Maria al-Qibtiyya

Maria bint Shamʿūn
Born
Died637
EraEarly Islamic era
TitleMaria al-Qibtiyya
ChildrenIbrahim ibn Muhammad
FatherSham'un

Māriyya bint Shamʿūn al Qibtiyyah, better known as Māriyyah al-Qibṭiyyah or al-Qubṭiyya (Arabic: مارية القبطية), or Maria the Copt, died 637, was a Coptic Egyptian woman who, along with her sister Sirin bint Shamun, was given as a slave to the Islamic prophet Muhammad as a gift in 628 by Al-Muqawqis, a Christian governor of Alexandria, during the territory's Sasanian occupation.
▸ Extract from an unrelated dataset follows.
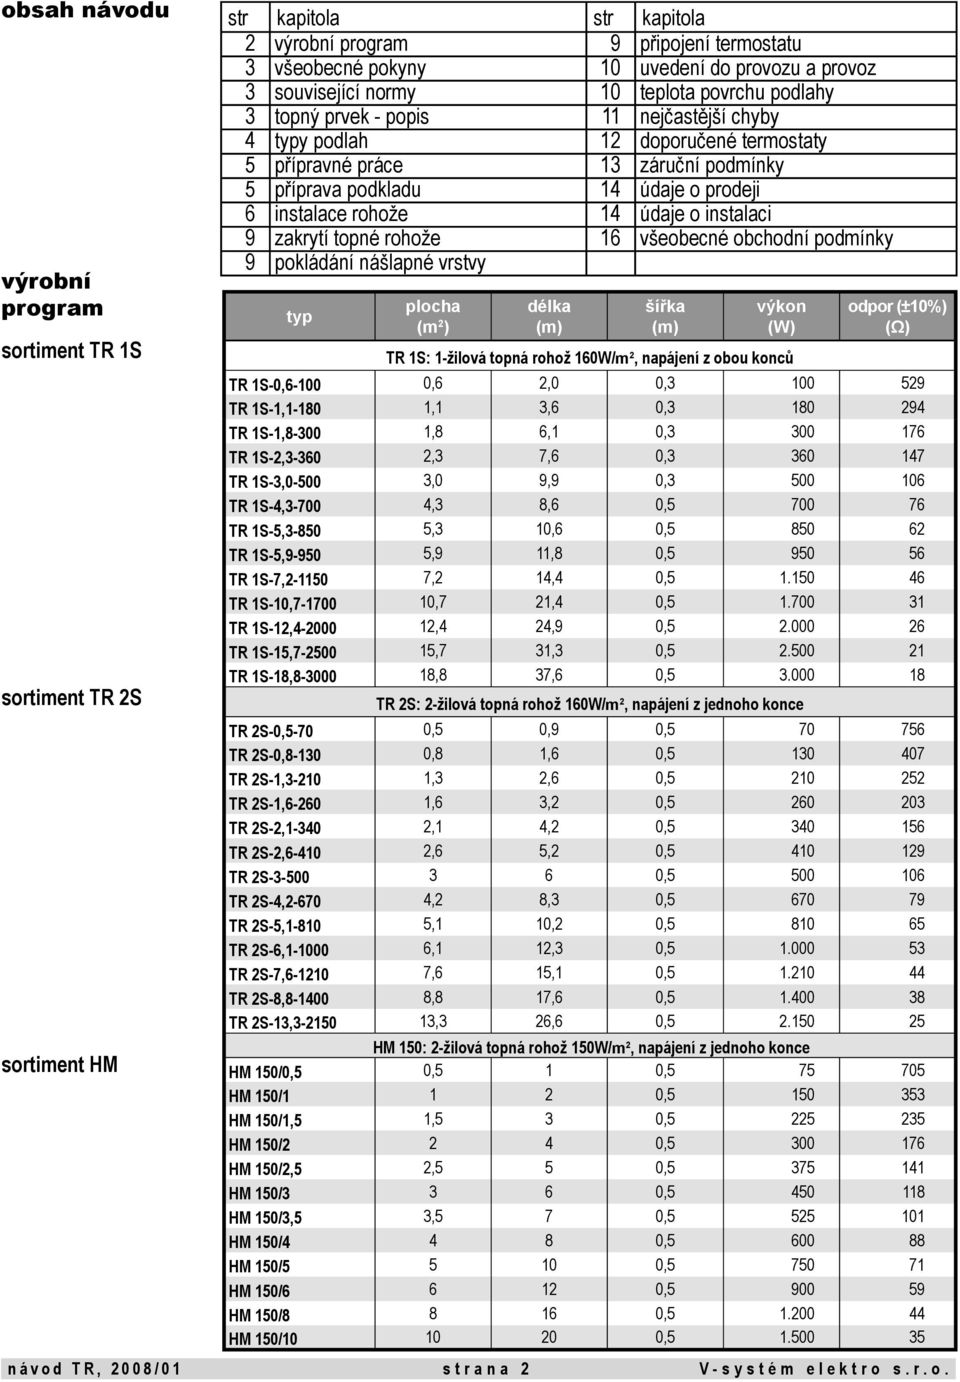 prodeji 6 instalace rohože 14 údaje o instalaci 9 zakrytí topné rohože 16 všeobecné obchodní podmínky 9 pokládání nášlapné vrstvy typ plocha (m 2 ) délka (m) šířka (m) výkon (W) TR 1S: 1-žilová topná

It is a subject of speculation if she married Muhammad or continued to be a concubine. She spent the rest of her life in Medina, and had a son, Ibrahim, with Muhammad. The son died in his infancy, aged 2, and she died almost five years later.

Al-Maqrizi says that she was a native of Hebenu (Coptic: ⲧϩⲁⲃⲓⲛ, Koine Greek: Ἀλάβαστρων πόλις Alábastrōn pólis, Arabic: الحفن, romanizedal-Khafn), a village located near Antinoöpolis.